> [DATA SHOWN]:
╭──

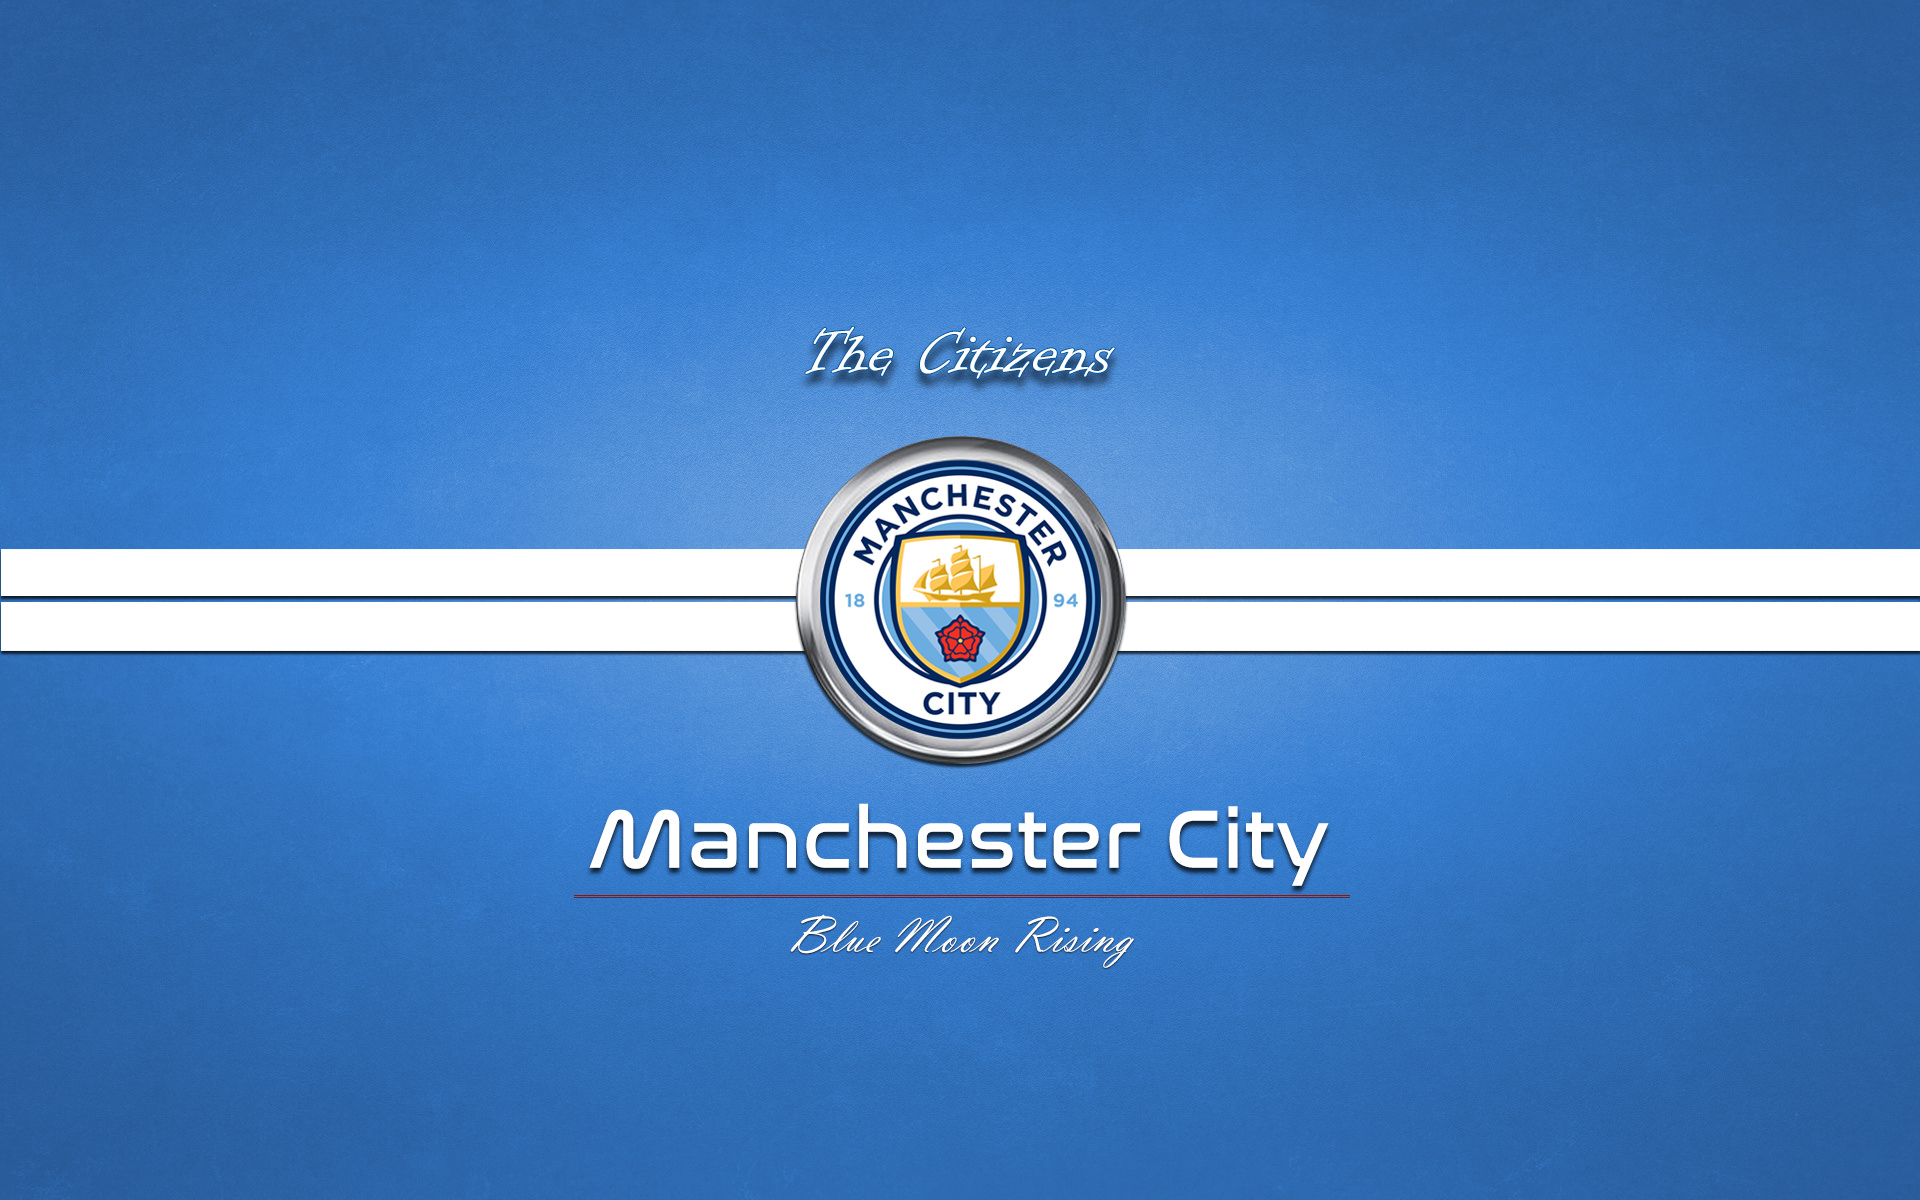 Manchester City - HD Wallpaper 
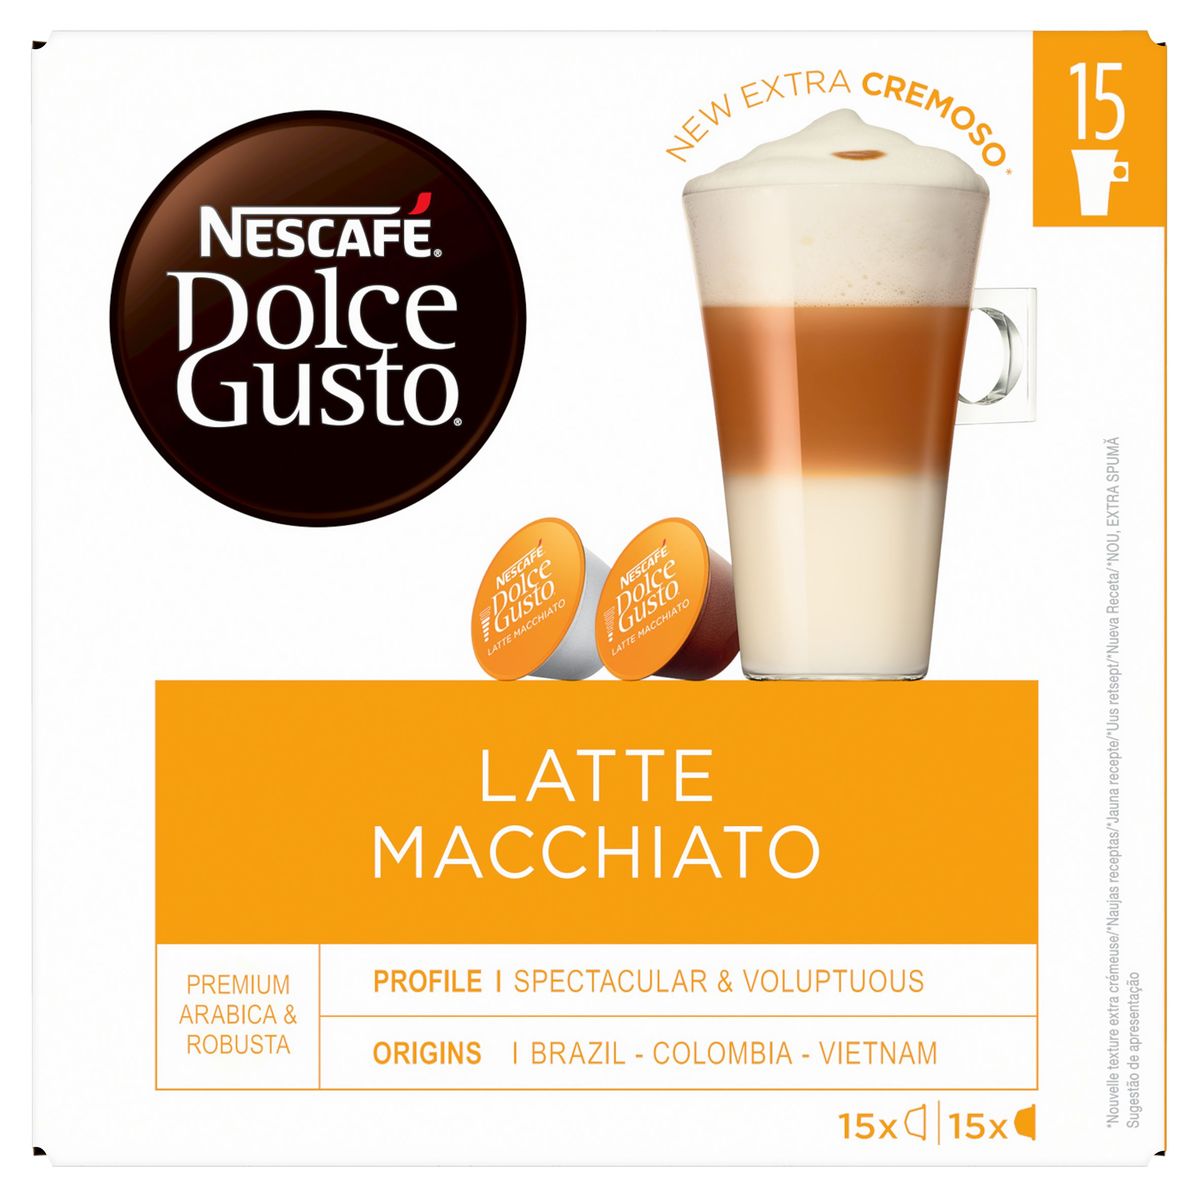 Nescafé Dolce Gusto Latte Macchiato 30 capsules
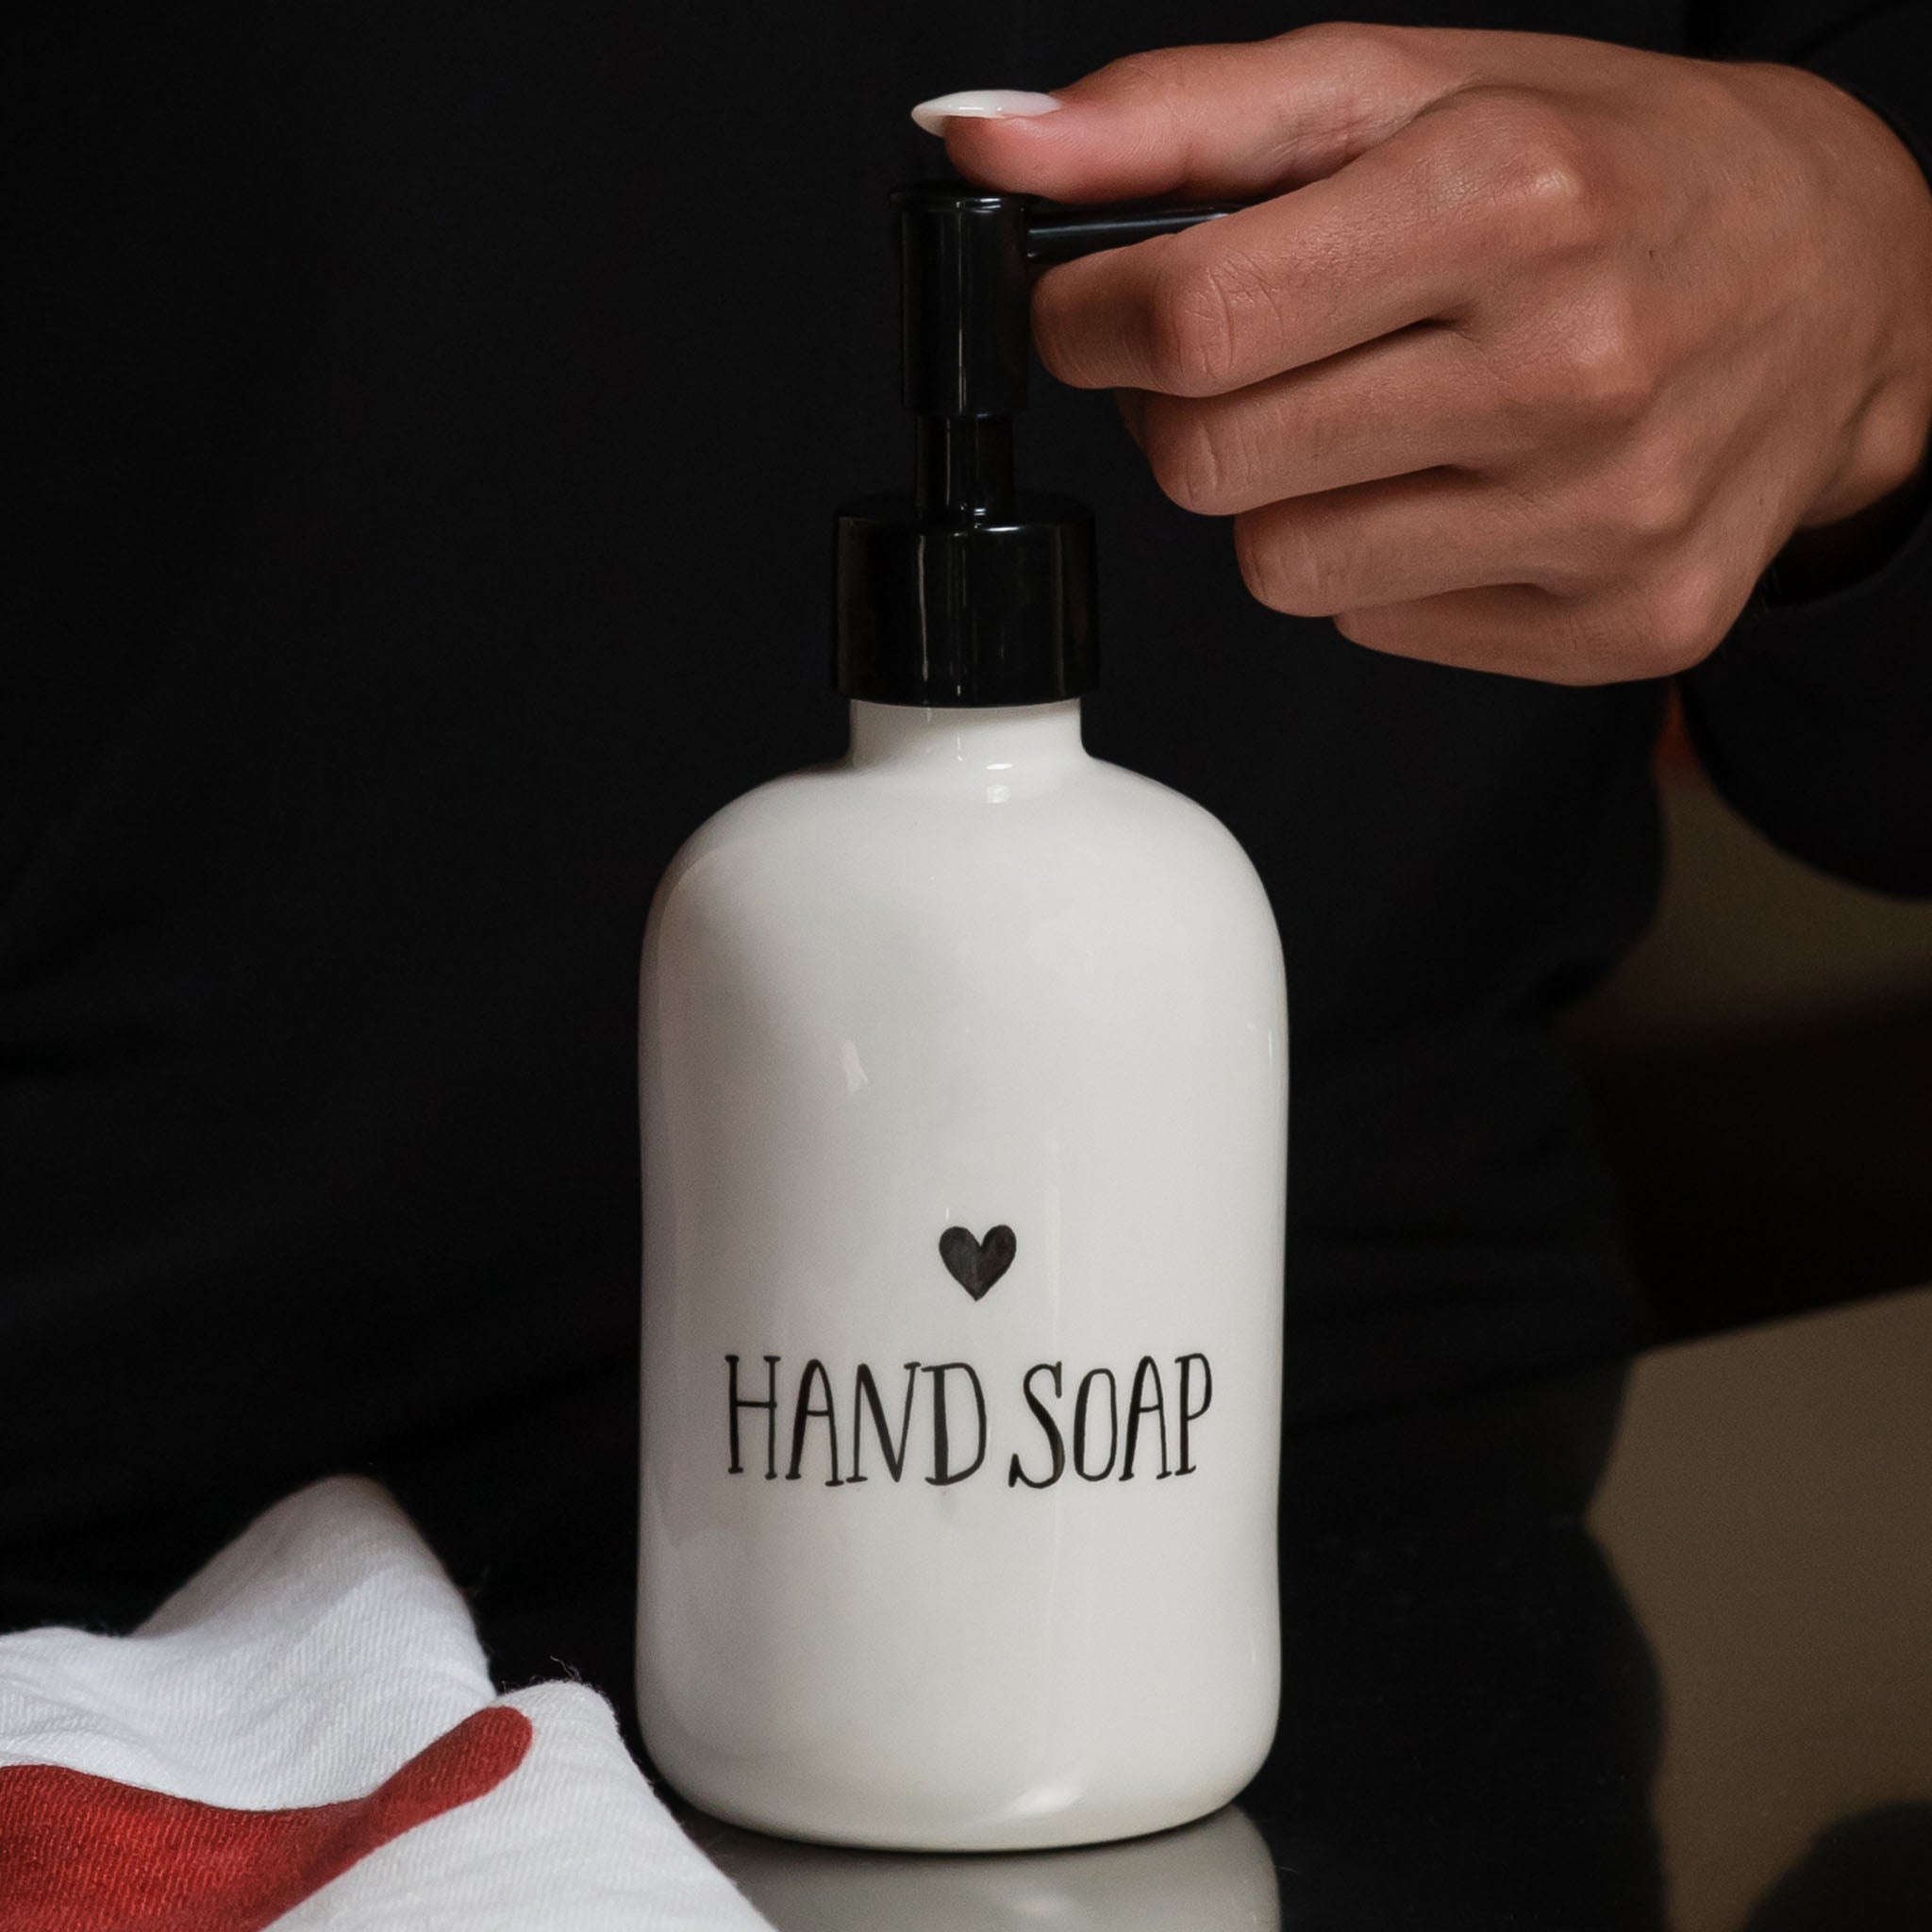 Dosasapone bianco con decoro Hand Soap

╰──

> [EXERCISE REQUIREMENTS]: Write out exactly, and only, the lines from the line holding "Nescafé Dolce Gusto" through the end of the data, inclusive, without any pictures.

> [WORKED SOLUTION]:
 Nescafé Dolce Gusto Latte Macchiato 30 capsules
 Dosasapone bianco con decoro Hand Soap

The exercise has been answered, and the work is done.